Fig. 2B2 shows the neurite lengths from the soma to the growth cones 30 hours after the perturbation as a function of the tubulin diffusion constant. The graph shows that, initially, increased mobility of tubulin causes a larger retraction of the neighboring branch. However, at higher rates of diffusion, the retraction becomes smaller, as both branches can now receive enough tubulin from the soma to grow out. Adding active transport to the model causes a fraction of tubulin to be actively moved into each branch, reducing the competition between the branches (Fig. 2C1). Dashed lines in Fig. 2C1 indicate the scenario where active transport represents a small share of the total transport of tubulin. As can be seen, low active transport also results in retraction of the neighboring branch, similarly to the scenario with only diffusion. The solid lines in Fig. 2C1 indicate growth in a simulation with high active transport. In this case, there is no retraction of the neighboring branch after the perturbation, and both branches keep growing out, although at different speeds. Fig. 2C2 shows the neurite lengths from the soma to the growth cones 30 hours after the perturbation as a function of the rate of active transport. Increased active transport attenuates competition and causes the growth of the two branches to become more similar because tubulin resources are now actively moved to both growth cones.

Finally, the dependence on dA and dB of the growth change in the neighboring branch is shown in Fig. 2D. In general, increased path distance between the source of tubulin (soma) and the sink (growth cone) causes the tubulin gradient to become shallower, which reduces the diffusive flux. For short dB distances, we see with increasing dA an increased competition between the two branches (i.e., a larger retraction in the neighboring branch), because the tubulin influx from the soma into the branches decreases with increasing dA, implying that the modified branch instead needs to recruit tubulin from the neighboring branch. However, when the path distance dB is increased, the two growth cones become more isolated from each other, and the diffusive flux from one neighbor to the other becomes smaller, so competition decreases.

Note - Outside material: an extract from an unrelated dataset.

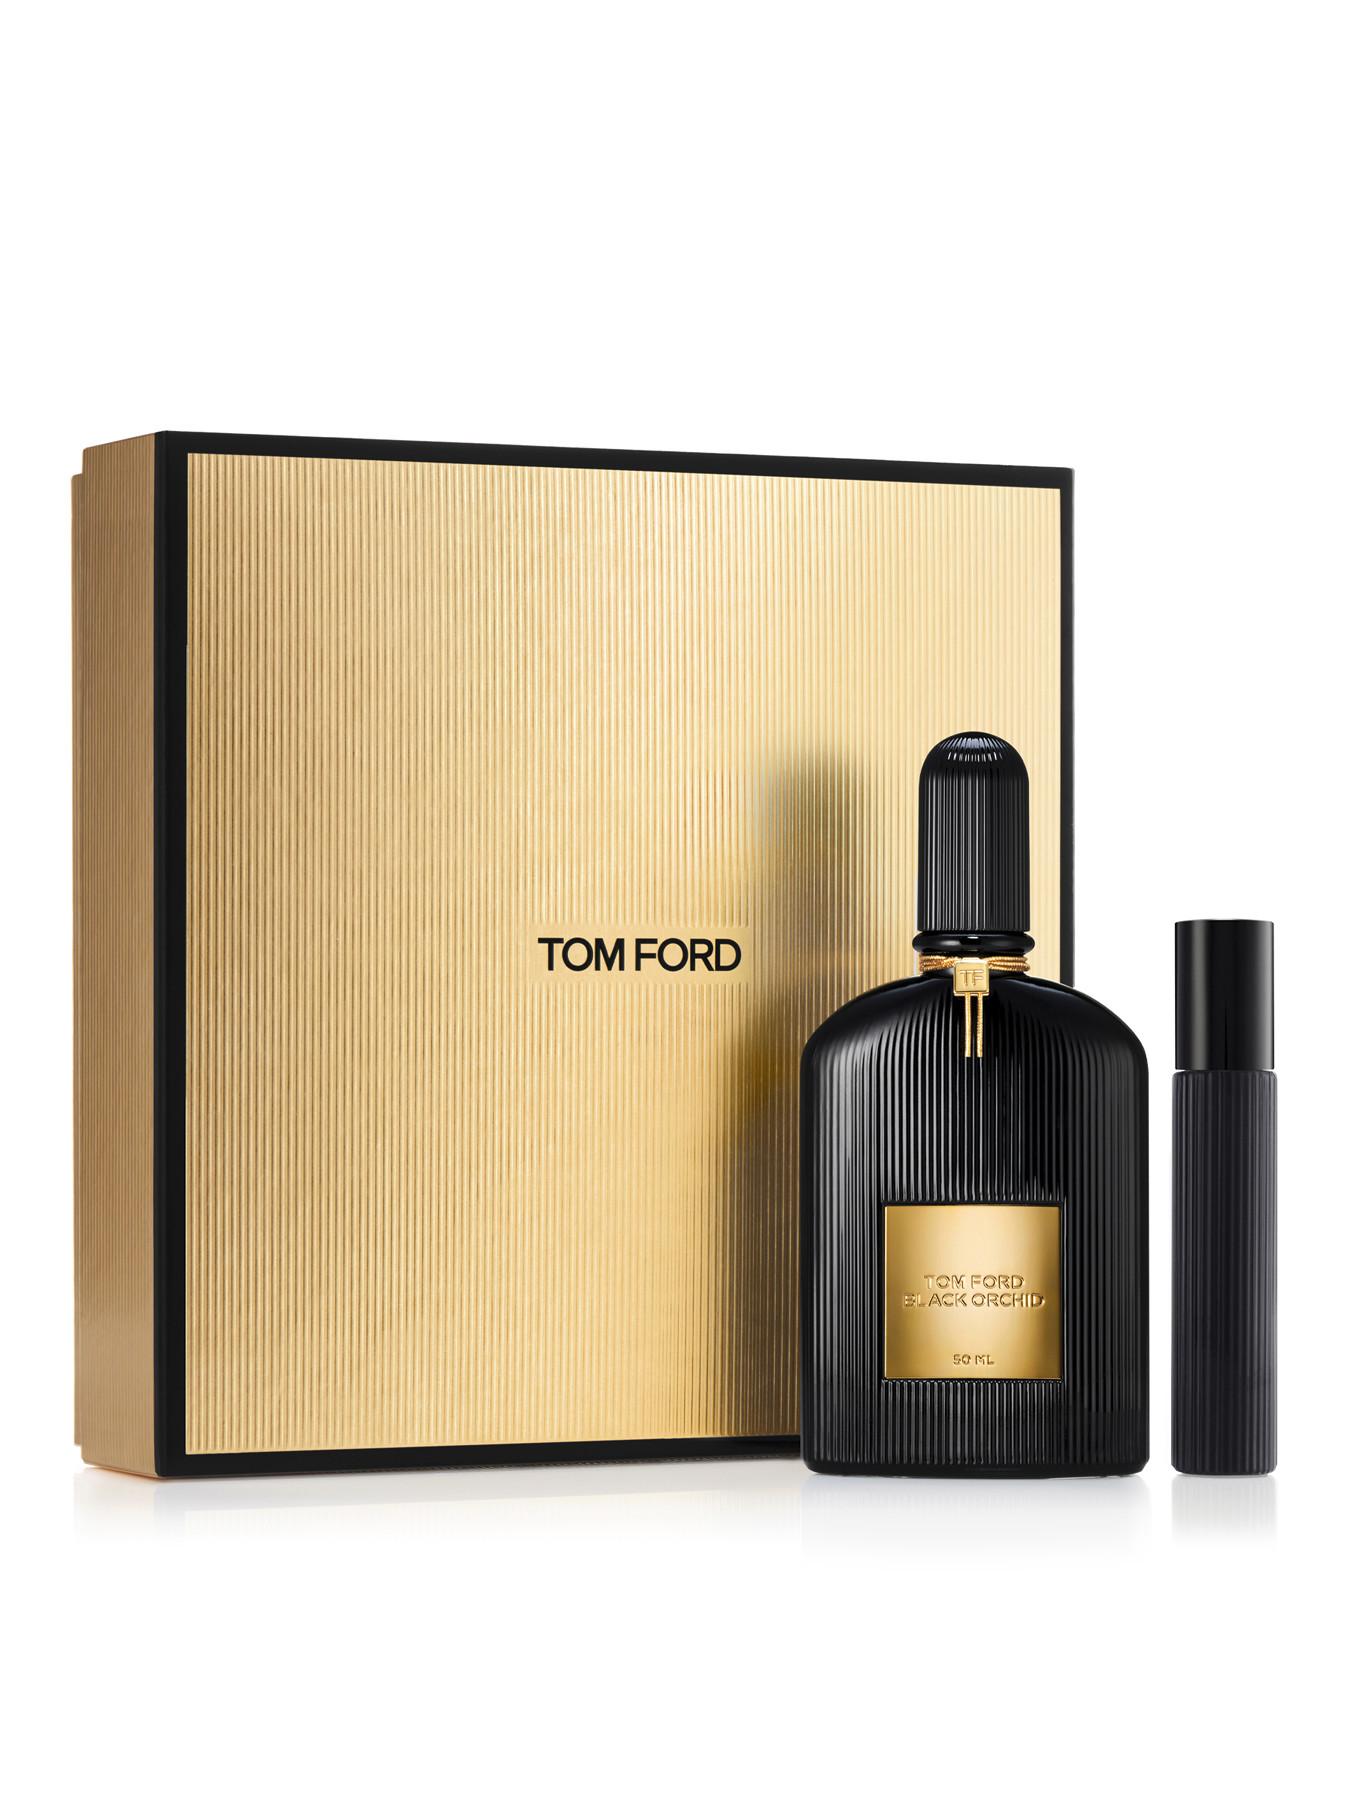 Tom Ford Signature Collection Black Orchid Eau De Parfum Gift Set Fragrance Fenwick

Competition in a complex branching tree

To study competitive interactions in more complex branched structures, we used the morphology of two reconstructed rat hippocampal CA1 pyramidal neurons. Here, we show the results of only one neuron (Fig. 3), but the findings of both neurons were consistent with each other. The reconstructed morphology of the apical and basal dendrites (Fig. 3A) was used as the initial condition. In the control case, the neuron was allowed to grow out for 10 hours with the soma tubulin concentration fixed at 5.5 µM. The simulation was then repeated, but now one of the growth cones had an increased polymerization rate (+100%). In Fig. 3B, the dendritic morphology obtained in the last simulation is represented by a dendrogram, colored according to the tubulin concentration in the branches. The thickness of the branches is proportional to the dendrite diameter in the reconstruction. The gray vertical lines at the terminal segments indicate the starting morphology, and the black vertical lines show the neurite length after 10 hours in the control case. The black dot marks the growth cone with increased polymerization rate. As can be seen in Fig. 3B, the terminal branch with the modified growth cone increased its length at the expense of its most nearby terminal branches, i.e., its sibling terminal branch and its parent's sibling branch, which both retracted. The retraction is larger in the thicker terminal branch. This may indicate that, as with higher diffusion rates (Fig. 2B2), larger branch diameters cause more flux from the neighboring branches into the modified branch and thus stronger competition between the branches. The terminal branches that were more remote from the modified branch showed very little retraction.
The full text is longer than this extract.